With the implementation of the Capital Requirements Directive VI (CRD VI) and the planned amendments to the German Banking Act (KWG), the CRD VI transition plan, the KWG ‚ESG Risk Plan‘, and measures for effective management of ESG risks are coming increasingly into focus of legal and regulatory requirements. The objective of the directive is, among other things, to introduce provisions for improving the handling of ESG risks, particularly climate risks. The current government draft for implementing CRD VI in Germany foresees a 1-to-1 implementation of the EU banking package – with far-reaching consequences for institutions.

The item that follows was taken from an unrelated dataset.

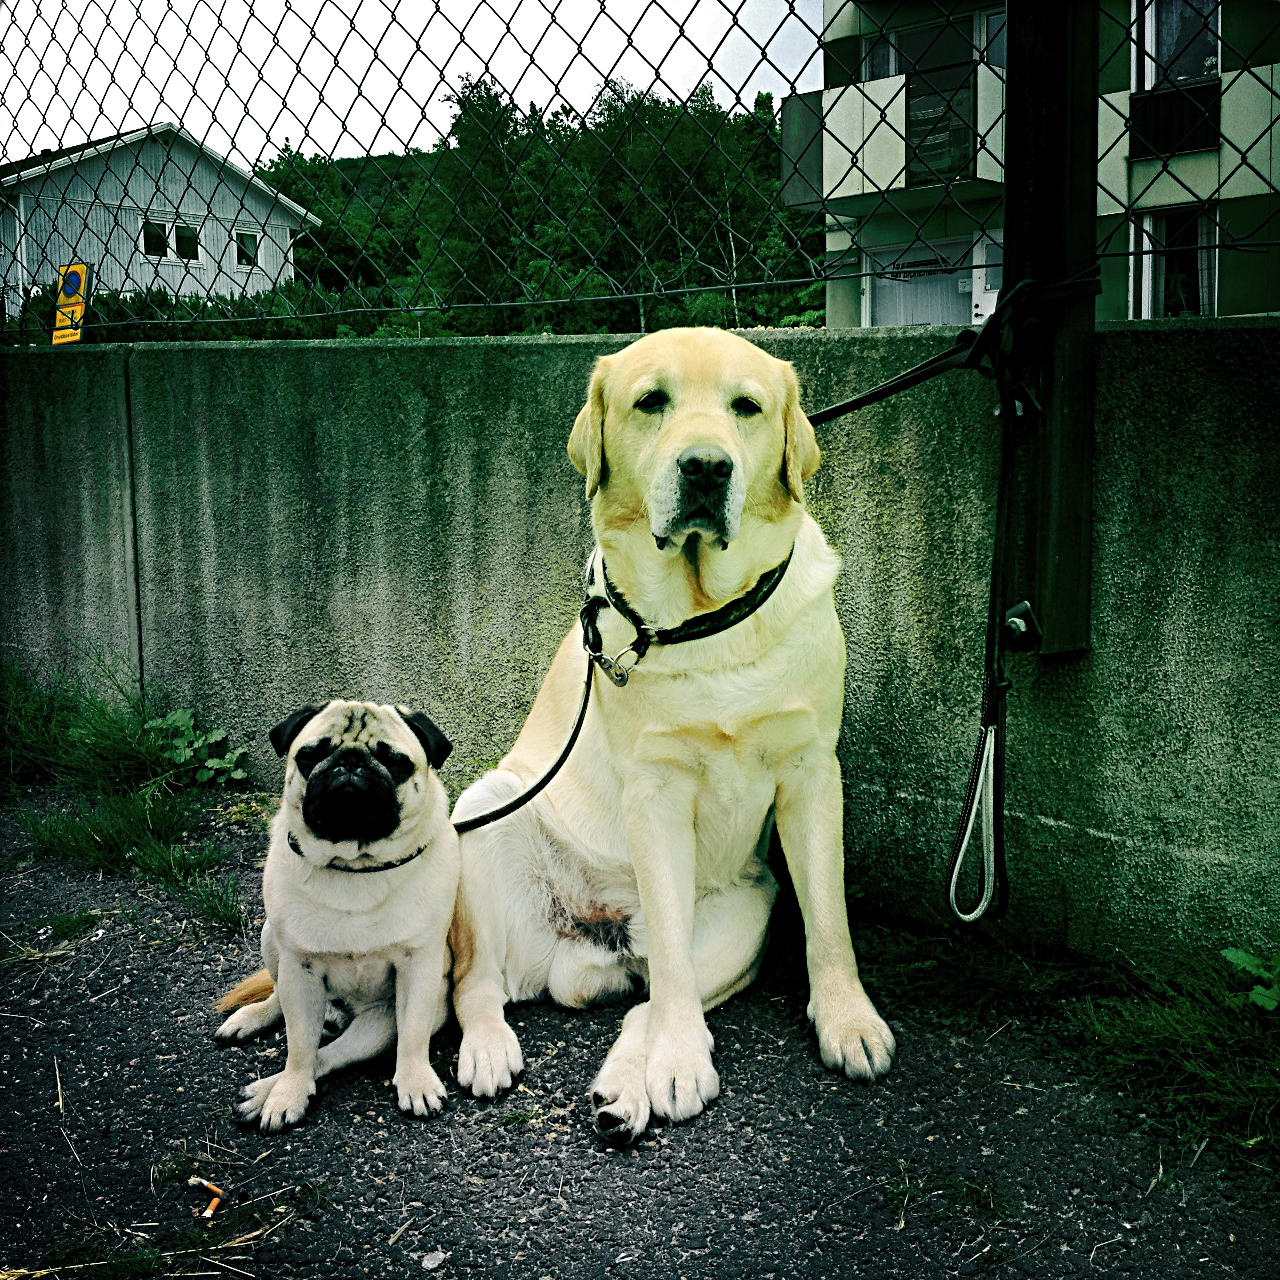 Ein großer Hund rechts, angeleint neben einem kleinen Hund vom Typ Mops sitzem vor einer hundesitzgrößehohen betonmauer, auf der Maschendrahtzaun gespannt ist.
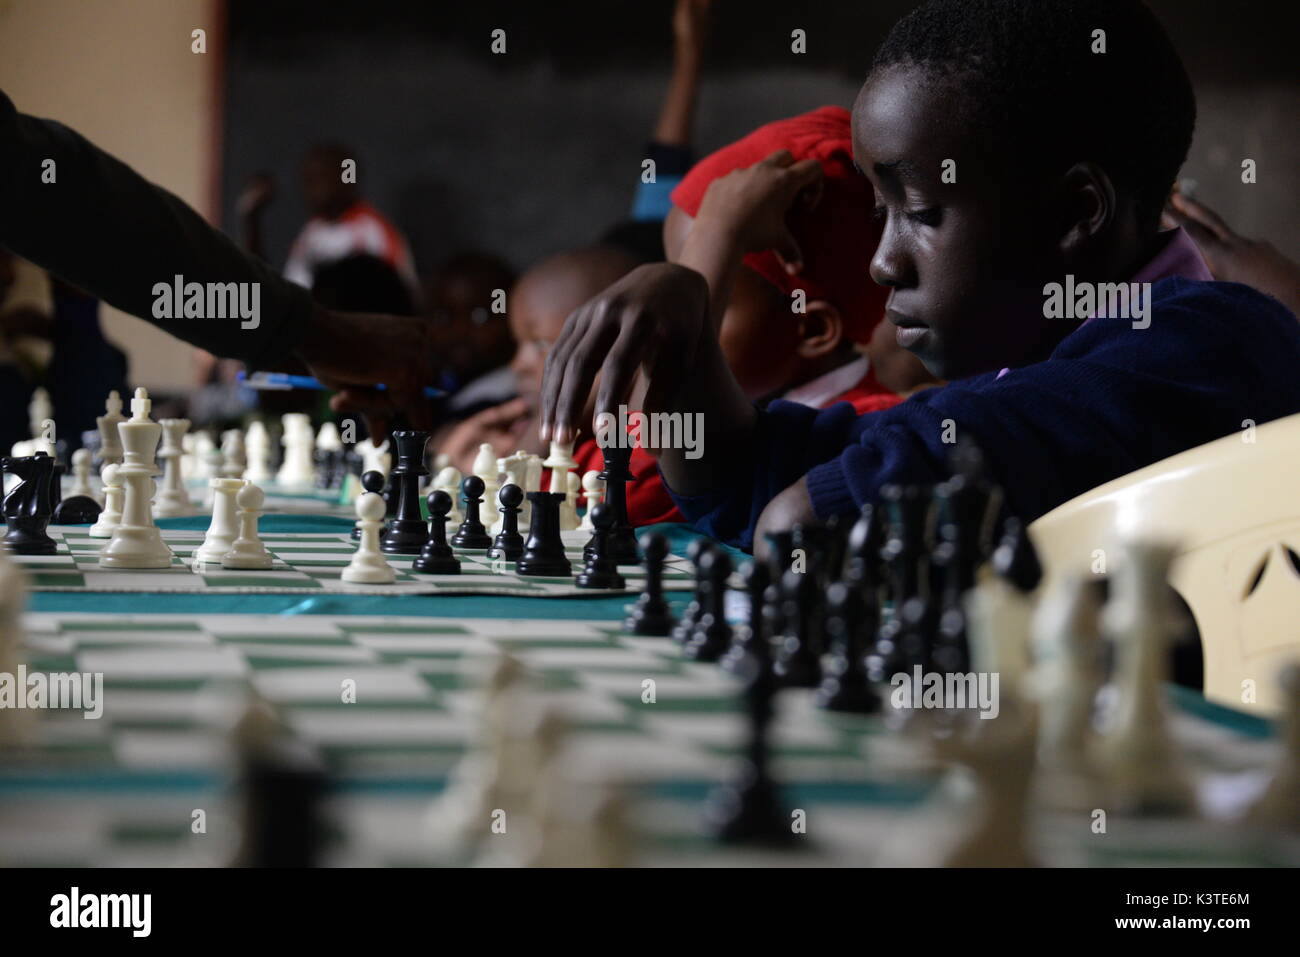 Un giovane keniota giocando a scacchi durante un torneo in Mukuru Kwa Njenga, una delle baraccopoli di Nairobi (Kenya), 15 luglio 2017. Adolescente gli ugandesi sono anche particpating in questo torneo. Per un lungo periodo di tempo in Uganda, scacchi è stato riservato per l'elite istruita soltanto. Con l aiuto di Robert Katendes una ragazza di nome Phiona Mutesi è diventata una stella di scacchi. Lei ora si ispira tutta una generazione di bambini in Uganda. Foto: Gioia Forster/dpa Foto Stock

CRD VI Transition Plan: What does Article 76 of CRD VI require?
Article 76 of the directive obliges the management bodies of institutions to develop a specific CRD VI transition plan to monitor and address ESG risks and to oversee their implementation. These plans must:
-
contain quantifiable targets,
-
define processes for monitoring and managing financial risks from ESG factors,
-
take into account short-, medium-, and long-term risks – particularly in the context of the EU-wide transition to climate neutrality,
-
be aligned with the goals of the EU and, where applicable, third countries,
-
be based on the latest reports of the European Scientific Advisory Board on Climate Change,
-
be consistent with the disclosure plans pursuant to Directive 2013/34/EU.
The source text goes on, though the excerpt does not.